The Anti-bot Solution to Scrape Everything? Get Your Free API Key! ๐Ÿ˜Ž

FlareSolverr Tutorial: Scrape Cloudflare Sites

May 4, 2023 ยท 9 min read

Cloudflare is a popular web security service protecting many websites against unwanted traffic, such as DDoS attacks. Its advanced anti-bot system analyzes incoming requests and uses evolving algorithms to detect and block bots. That's why your web scraper is getting the "Access Denied" error.

Fortunately, you'll learn how to bypass Cloudflare using FlareSolverr in this article.

Let's get started!

What Is FlareSolverr

FlareSolverr is an open-source proxy server designed to bypass Cloudflare's anti-bot mechanisms. It emulates an actual browser that can solve challenges, pass security checks, and render website content.

Usually, when you visit a Cloudflare-protected website, it keeps you in the waiting room to solve numerous fingerprinting challenges, CAPTCHAs, or other tests to prove you're human.
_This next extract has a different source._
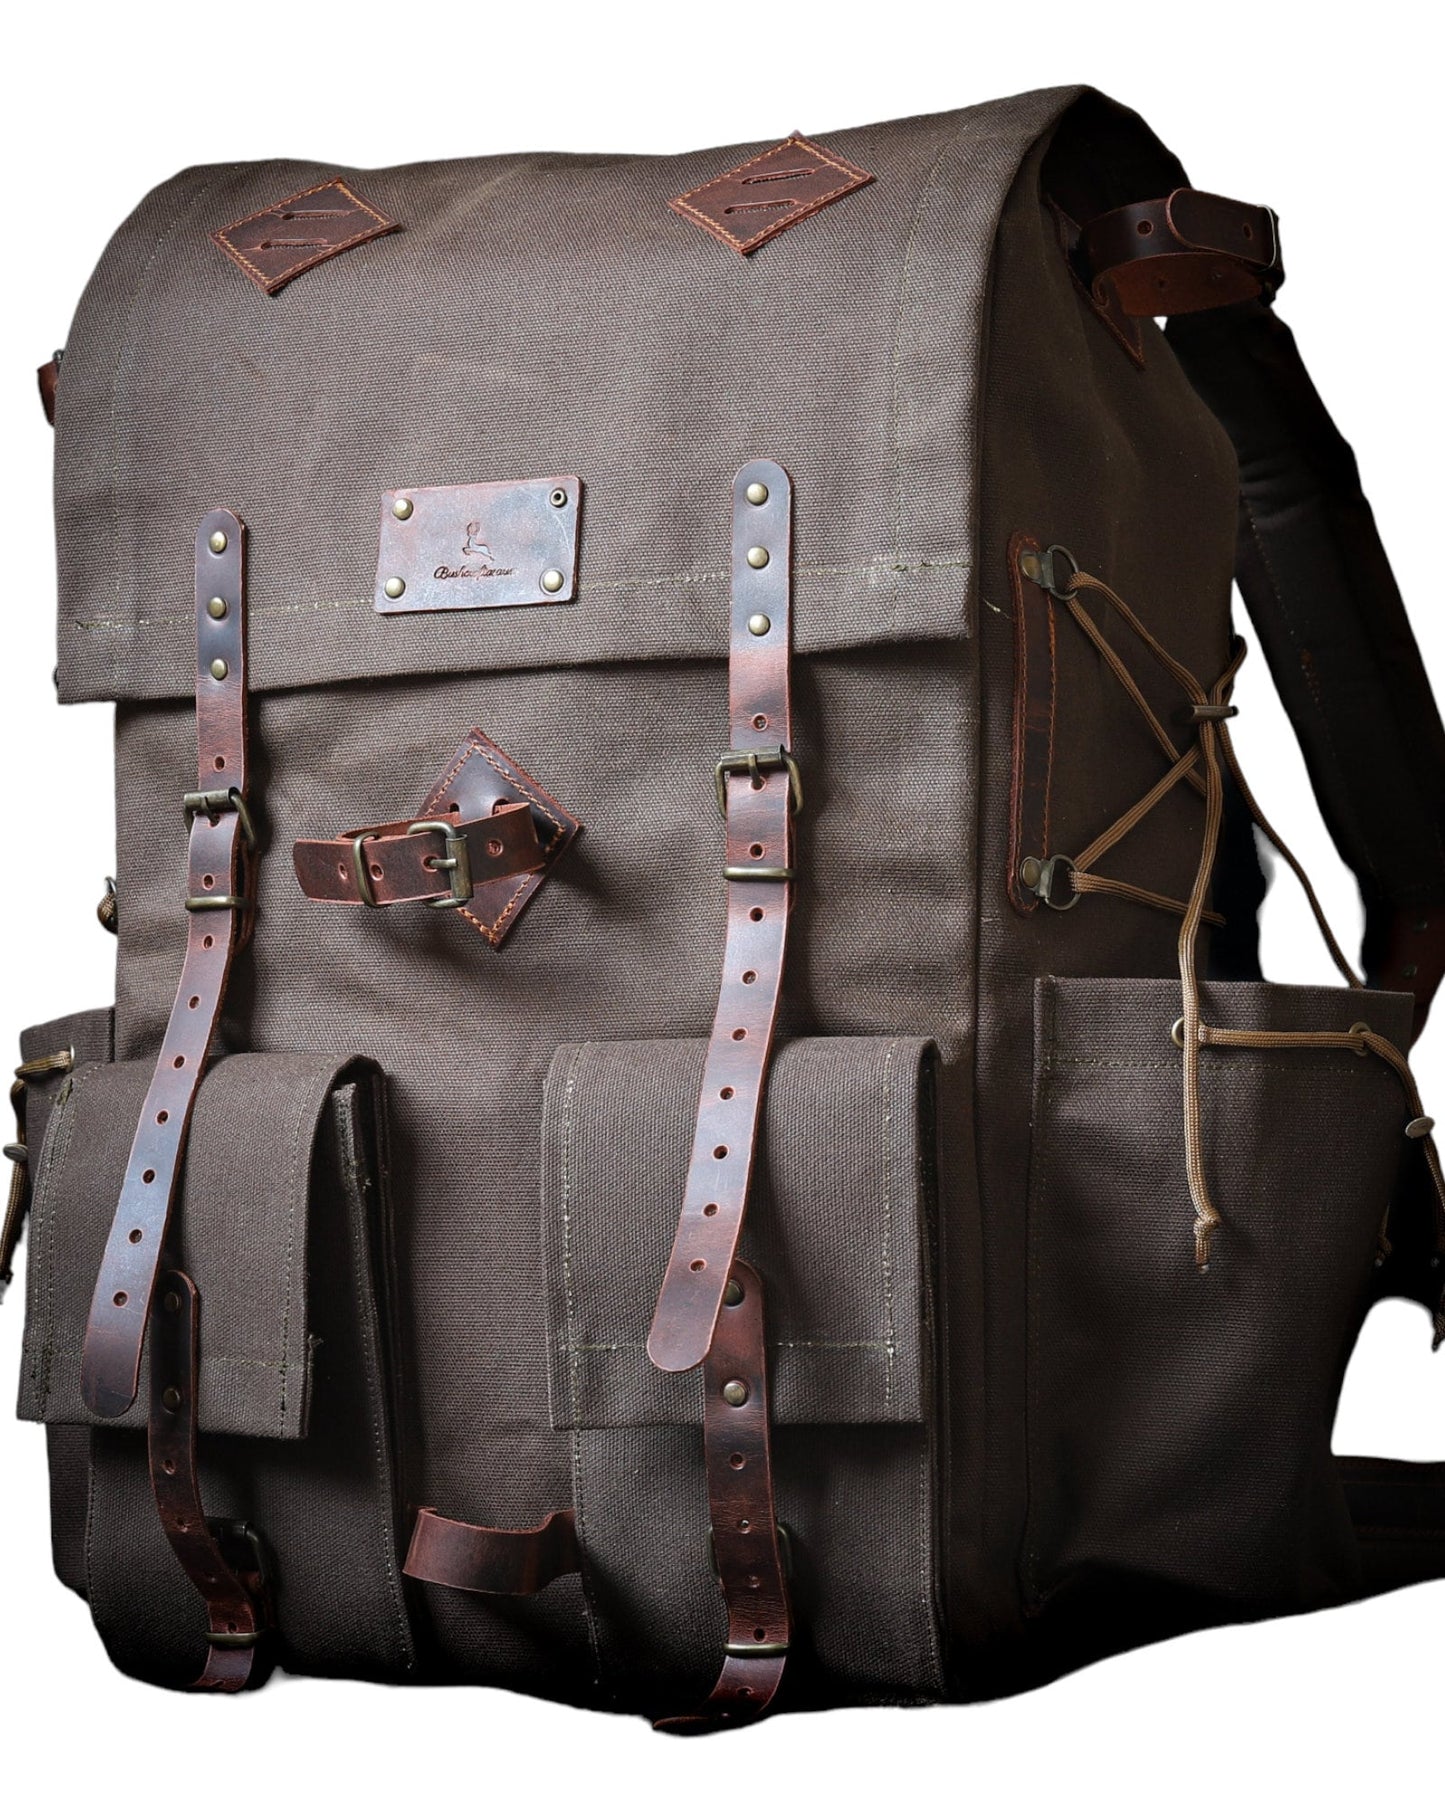 Hiking | Canvas Flap | Hiking Backpack | Hiking Bag | Leather and Canvas Backpack | Leather | Canvas | Camping Backpack | Camping | Rucksack bushcraft - camping - hiking backpack 99percenthandmade   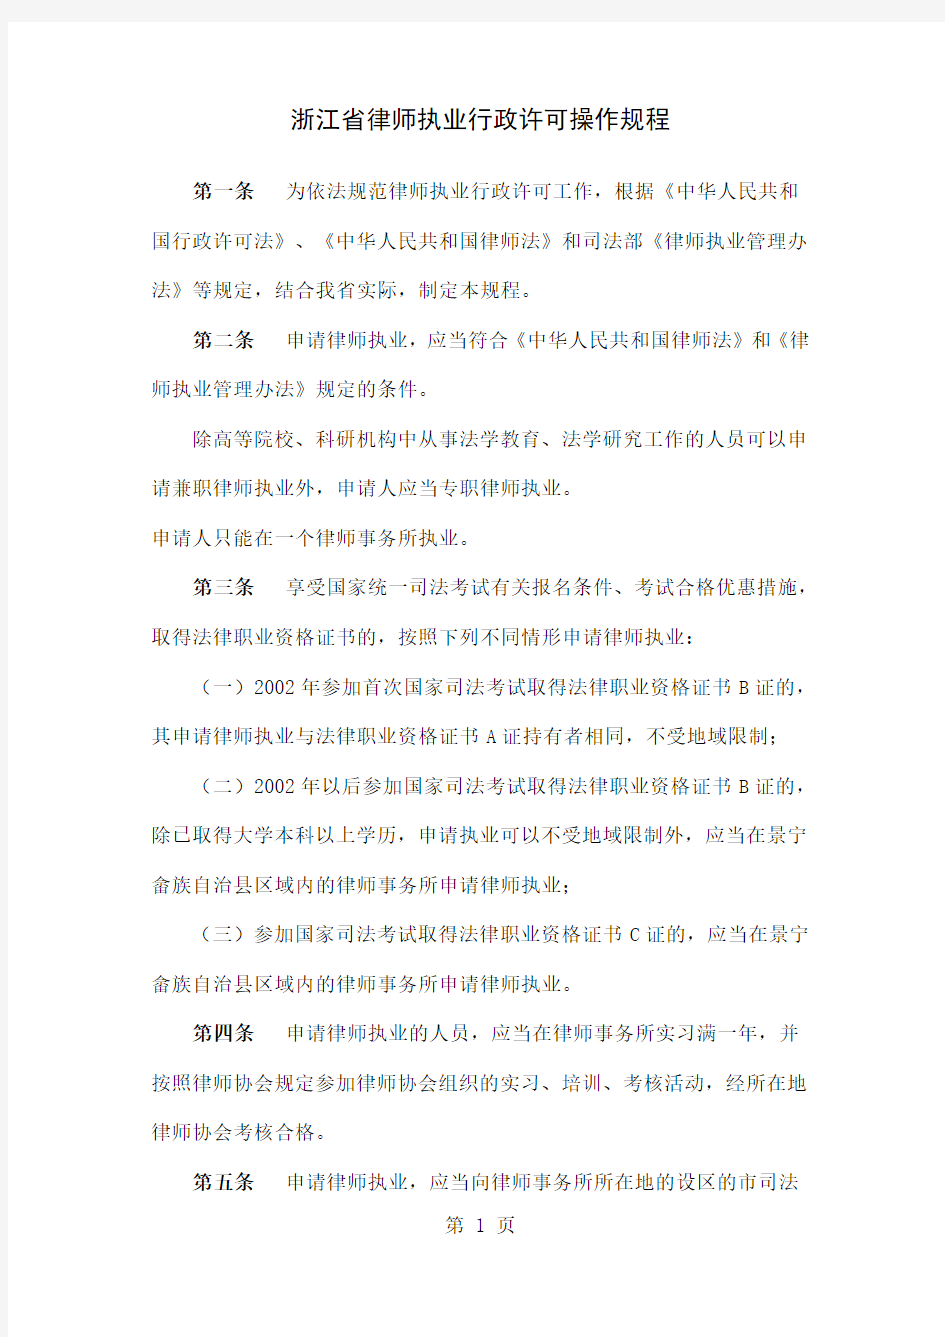 浙江省律师执业行政许可操作规程-21页文档资料

FlareSolverr automates the bypassing process using Python Selenium and Undetected ChromeDriver to mimic an actual browser and act like a human.

After solving the challenges, the HTML code and cookies are returned to the client for use with other HTTP clients, such as Python Requests.

How to Use FlareSolverr

FlareSolverr's installation is unique, as you can go about it differently. We'll make it easy with step-by-step instructions.

But before that, let's try to access a website without FlareSolverr. For this example, we'll use NowSecure, a test website that displays a "You Passed" message if you're successful against its challenges.

To follow along, ensure you have Python installed, then install Requests using the following command:

pip install requests

Now, let's import the Requests module, define our target URL, and use the requests.get() method to make a GET request to NowSecure.

import requests

url = "https://nowsecure.nl/"

response = requests.get(url)

You can verify if it works by printing the response status code and its HTML:

print("status_code: " + str(response.status_code)) # prints the response status code
print(response.text) # prints the response content as text

This is the response you'll get:

status_code: 403

<body class="no-js">
    <div class="main-wrapper" role="main">
    <div class="main-content">
        <noscript>
            <div id="challenge-error-title">
                <div class="h2">
                    <span class="icon-wrapper">
                        <div class="heading-icon warning-icon"></div>
                    </span>
                    <span id="challenge-error-text">
                        Enable JavaScript and cookies to continue
                    </span>
                </div>
            </div>

The 403 error code means the request is unauthorized, and the HTML is that of Cloudflare's challenge page. In a nutshell, we've been detected and blocked.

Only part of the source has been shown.